The complexity of enduring.
Walls and floors and ceilings
trace the curves and angles along
an intricate spread, how your eye
patterns the knots across the tiles.
To make of our lives: an intertwining -
this is the geometry we want.

From MARROW, WILLOW by Maureen Hynes (2011)

Maureen Hynes *!


When Maureen was asked in an interview with the OpenBook (4/2011), '"What was the last book of poetry you read that really knocked your socks off"' Maureen replied without hesitation: '"Ruth Roach Pierson's newest book, Contrary."' I wonder what it must have felt like to be invited some months later for a reading to the Edinburgh Festival together with Ruth? (see also Poem of the Month - September 2012) At least, I was very happy to have met two outstanding poets and been introduced to another female Canadian poet broadening my little European literary world.
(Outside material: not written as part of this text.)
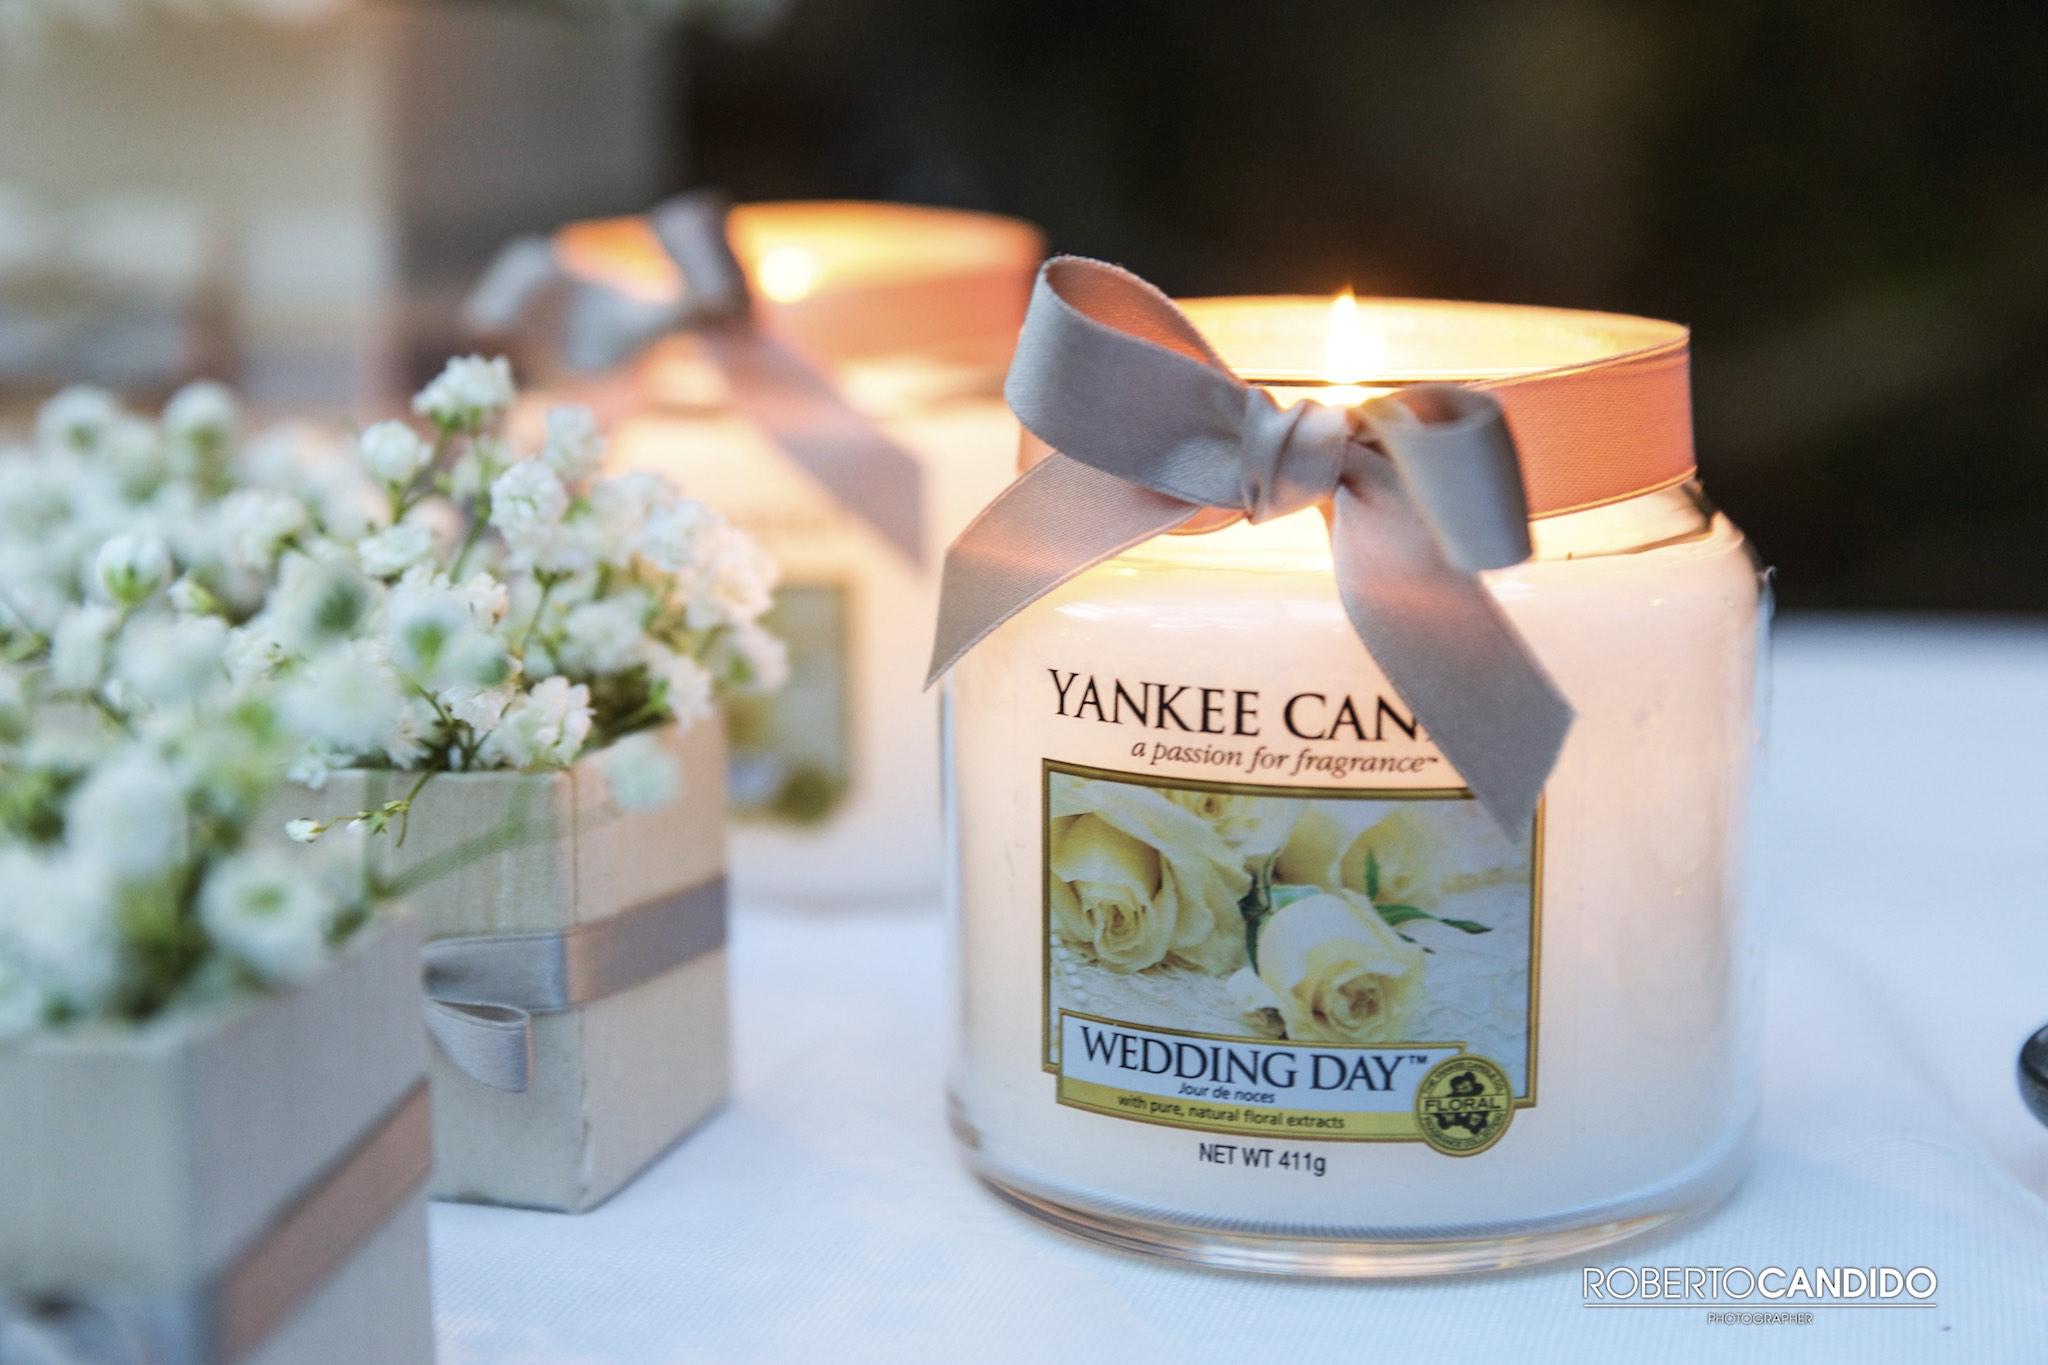 Matrimonio Tema Yankee Candle : Matrimonio castello di torcrescenza cerrone nozze per

Marrow, Willow (2011) is already Maureen's third collection of poems. Her first book Rough Skin (1996) won the League of Canadian Poets' Gerald Lampert Award for Best Book of Poetry and together with her second book Harm's Way (2001), she was shortlisted for the CBC Literary Awards and appeared in various literary journals across Canada (just to mention some awards and honours...). She has been Writer-in-Residence at the University of Prince Edward Island and a judge herself to several poetry contests and awards. And she isn't limited to a Canadian audience: she also won one of Britain's major Poetry Awards, The Petra Kenney Poetry Award, and has given various workshops and readings abroad. Astonishingly, given the fact, as she recalls in the same interview that, when one of her poems were rejected by a campus journal during her undergraduate years, her resolution was: '"That's it, I'm not a poet."'
Not so astonishingly, given her resolution, she first turned to writing fiction when she recovered her creativity later on. Her first published work Letters from China (1981) had been a memoir/travel book of her time as an ESL/EFL teacher in China. Furthermore, she had various stories and (academic) articles published, but: still no poems. Surprisingly, Maureen turned back to poetry in times of trouble and obstacles: writing poetry can feel "like [...] climbing onto a stable and supportive raft in a troubled sea." (MH on BCP). A beautiful explanation that writing poetry means more to Maureen Hynes than shaping beautifully rhyming images and it wouldn't be her if she wrote from a limited personal introspection. In combination with her work as Poetry Editor for the national labour magazine Our Times and having been engaged with various social programmes, she is able to see the big picture and to weave the personal with the political and produce "some magical poems" as M. Travis Lane (PoetryReview, 2011) concludes. Probably, it is her core approach to writing poetry which explains her successfully woven work of art and I would like to end her introduction with another citation and a video of Maureen reading:
"The ability to create art out of language, to shape it, with form, into not just something that's beautiful, but something that also resonates with us emotionally and is taken into the core of our beings and remembered - that is something that feels urgent and compelling to me." (MH on BCP )

*CBP = BlackCoffeePoet: take time to check his blog - he has a very interesting approach to poetry as well.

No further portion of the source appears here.